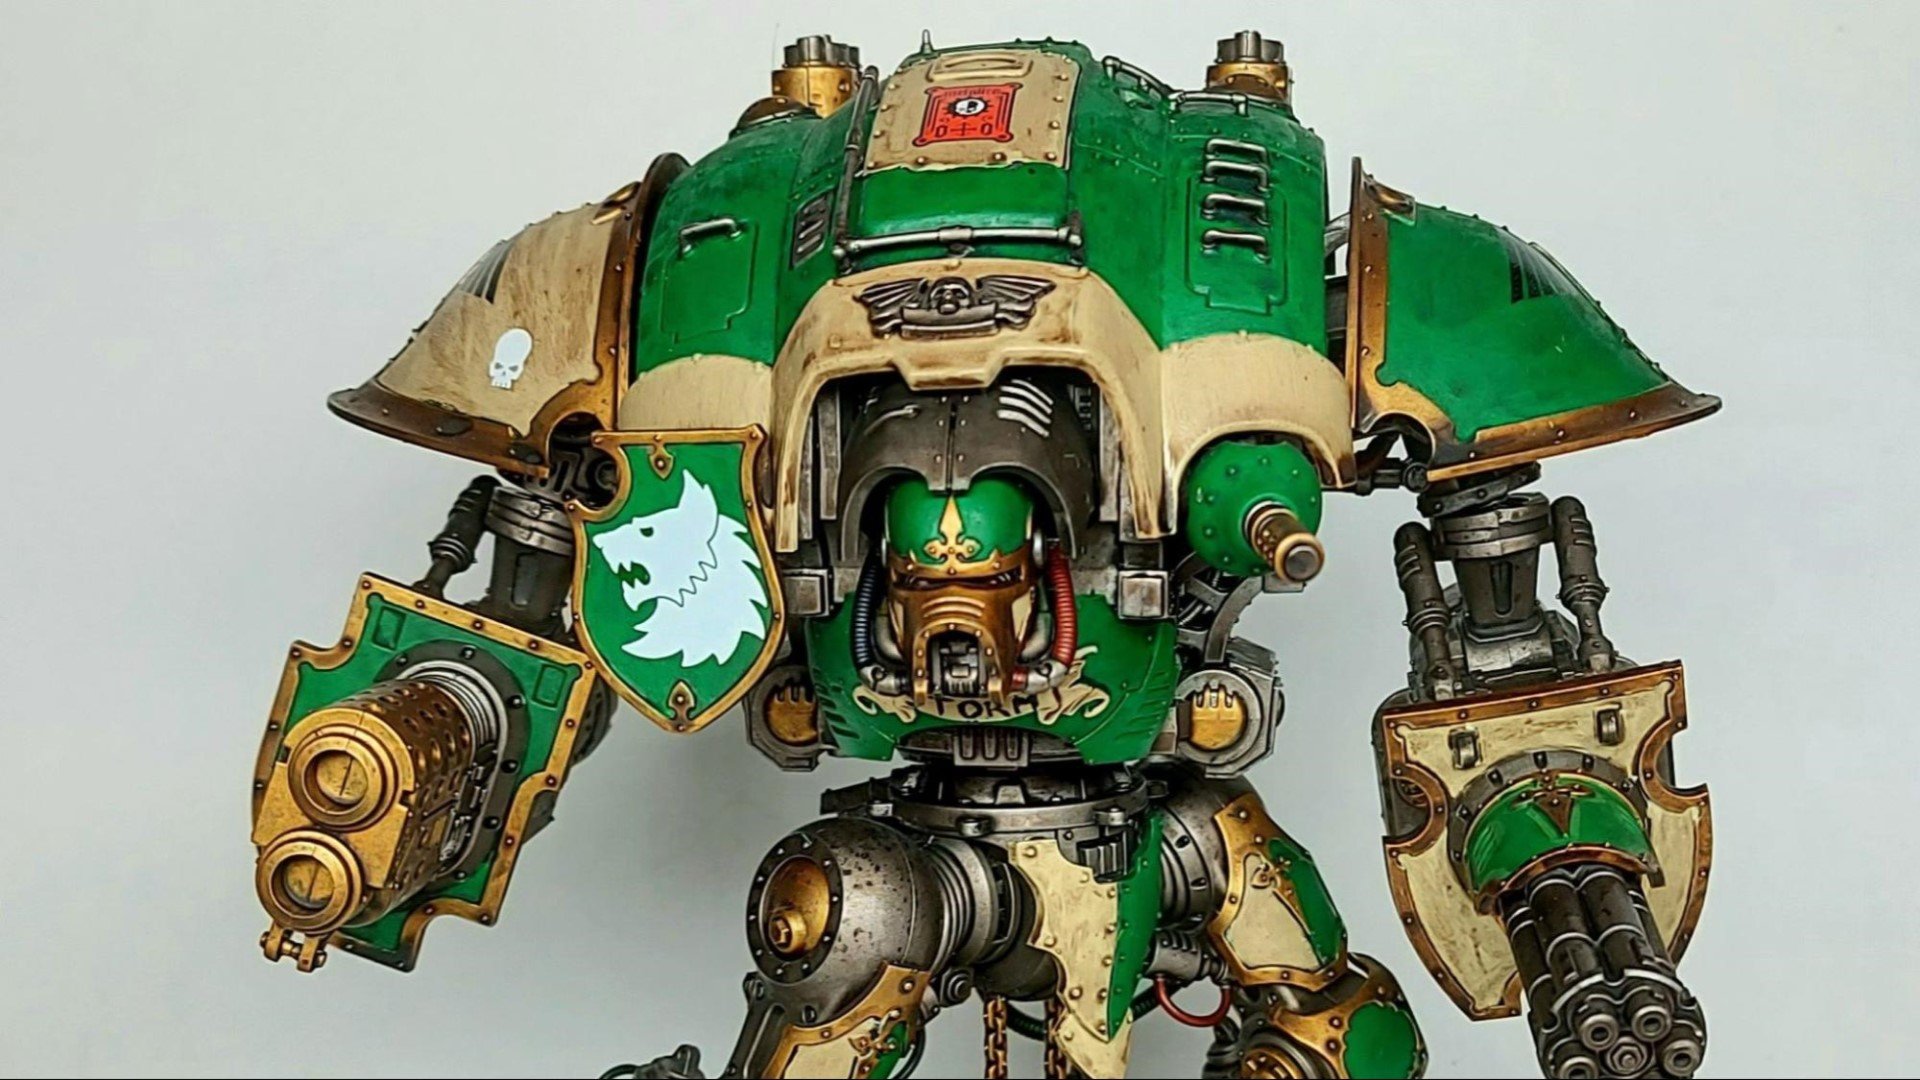 Warhammer 40k Imperial Knights army guide - Photo provided to the author by Stephen Reynolds showing a questoris knight in green and cream armour
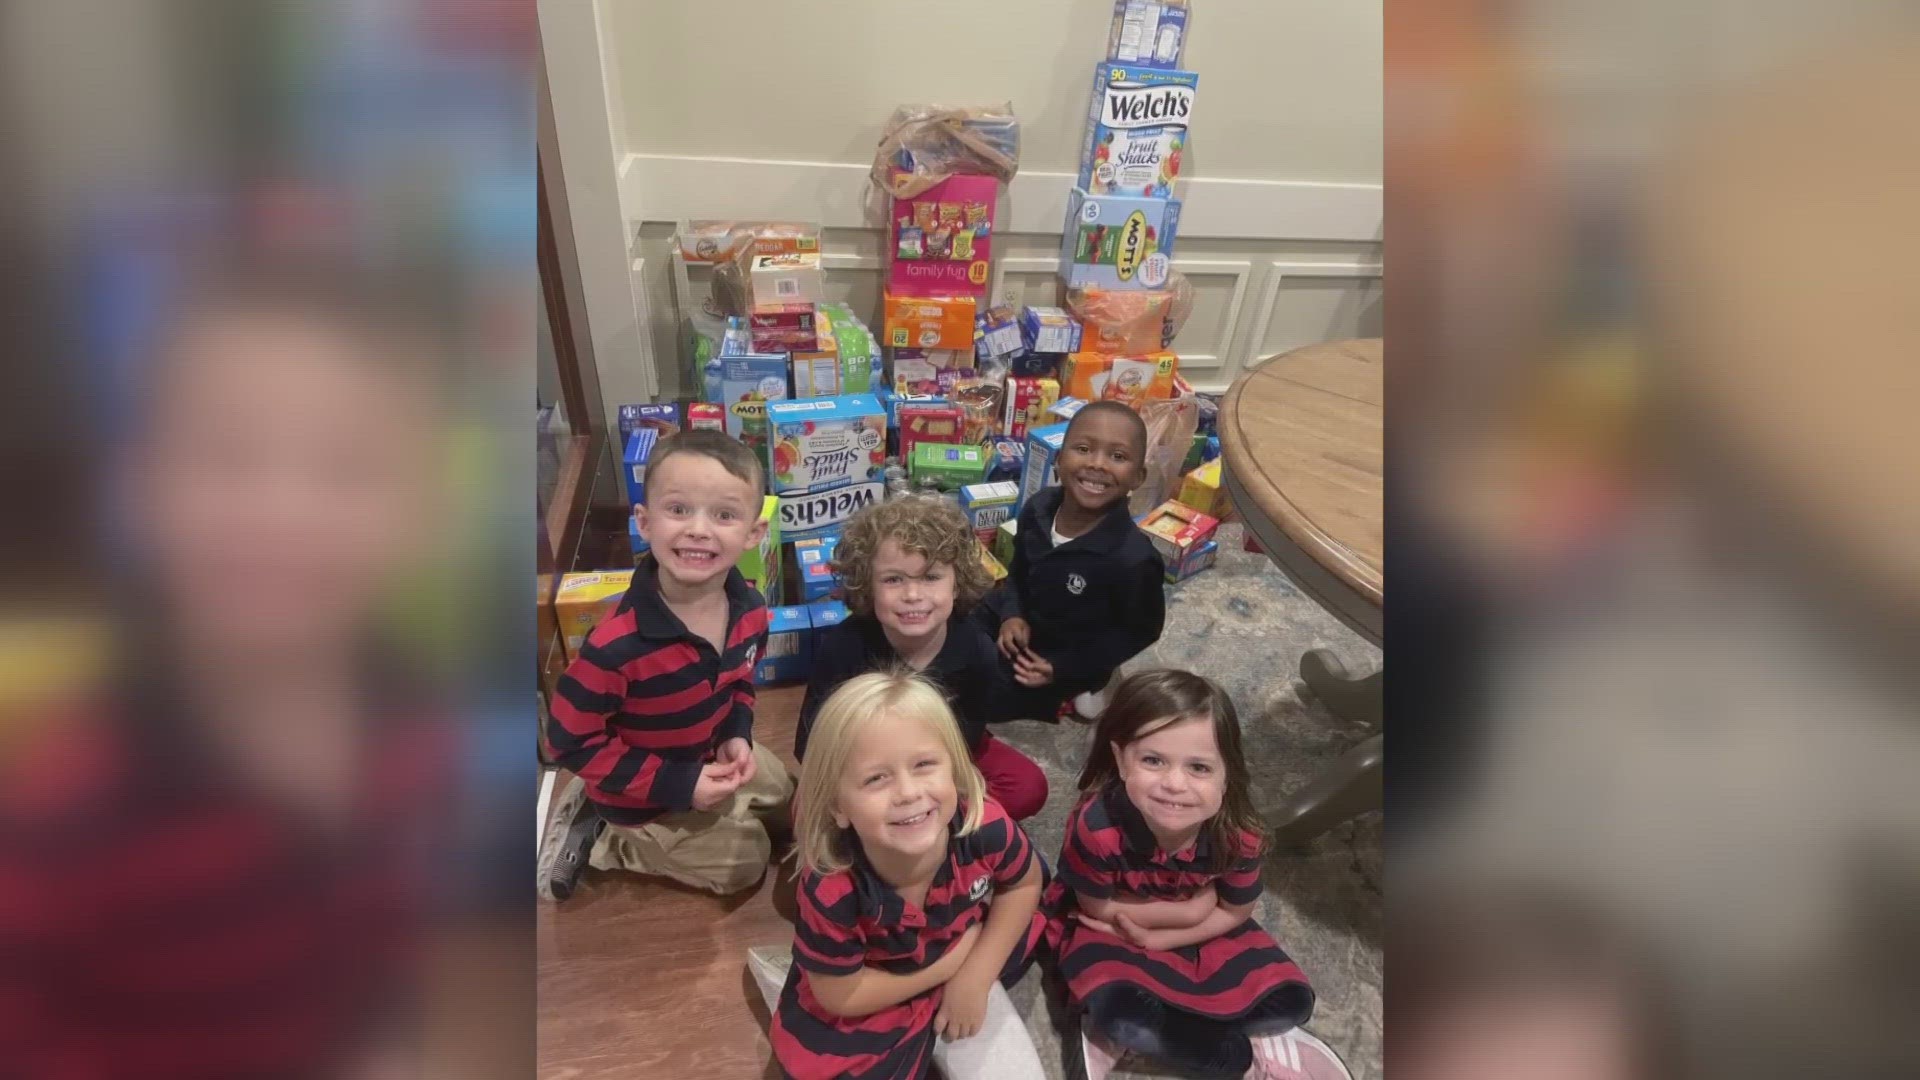 Louisville preschool donates 4,000 canned goods to ‘Snacks in Sack’
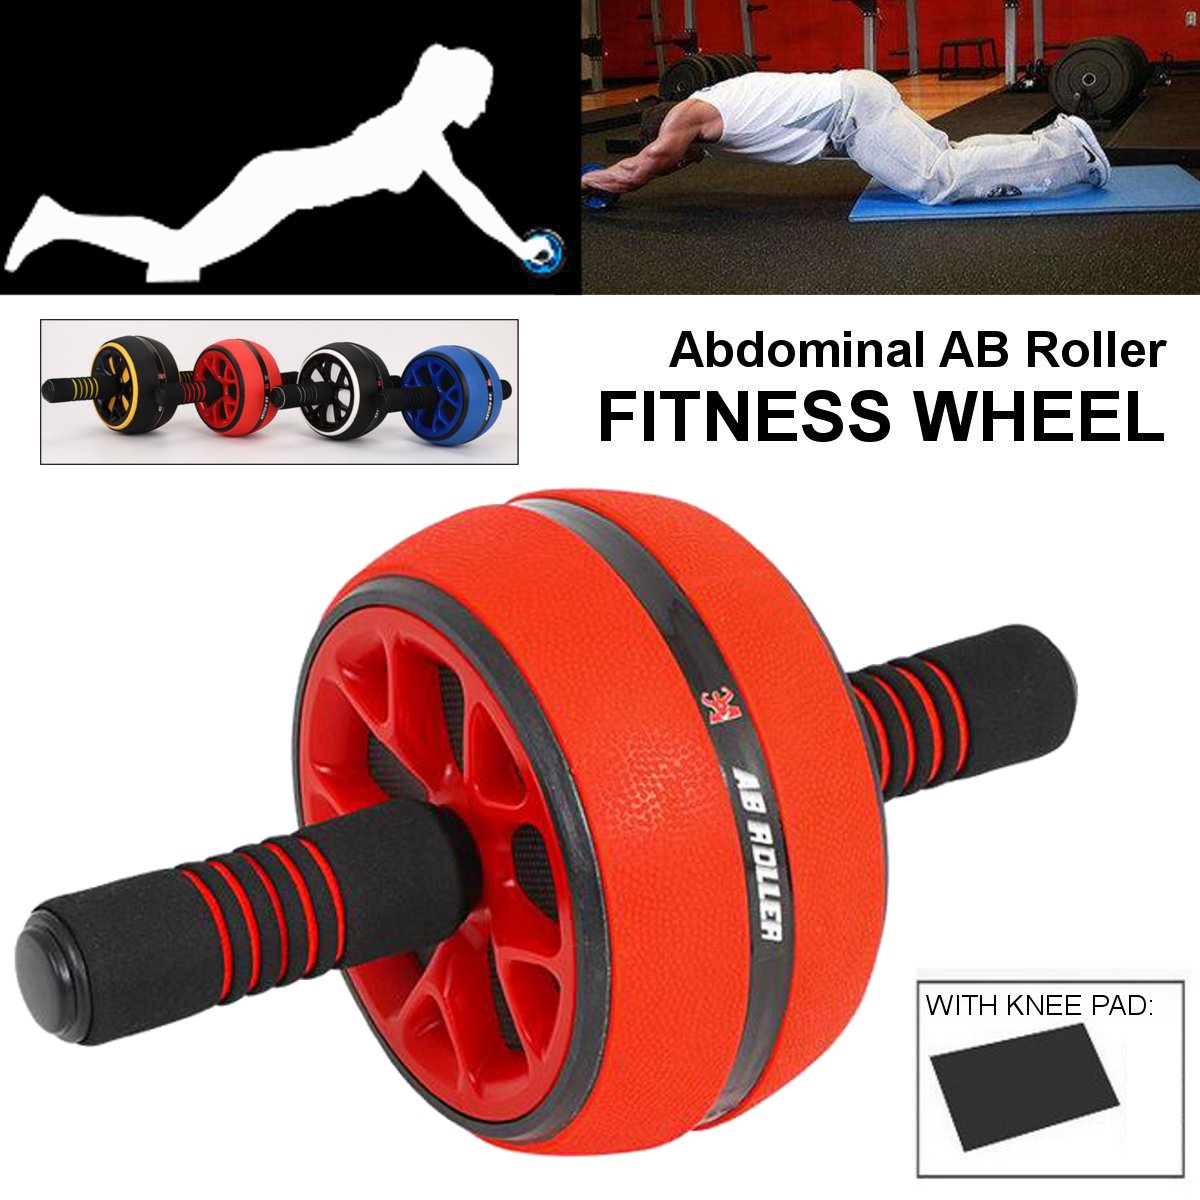 1PC-Wider-Ab-Roller-Wheel-With-Knee-Pad-for-Core-Training-Abdominal-Workout-Fitness-Exercise-Tools-1669168-2

== == ==

What you need to do: Give back an exact copy of only the lines from the one with "Louisville preschool donates" through the final line of the material, both included. Pictures do not belong in it.

Task answer:
 Louisville preschool donates 4,000 canned goods to ‘Snacks in Sack’
 1PC-Wider-Ab-Roller-Wheel-With-Knee-Pad-for-Core-Training-Abdominal-Workout-Fitness-Exercise-Tools-1669168-2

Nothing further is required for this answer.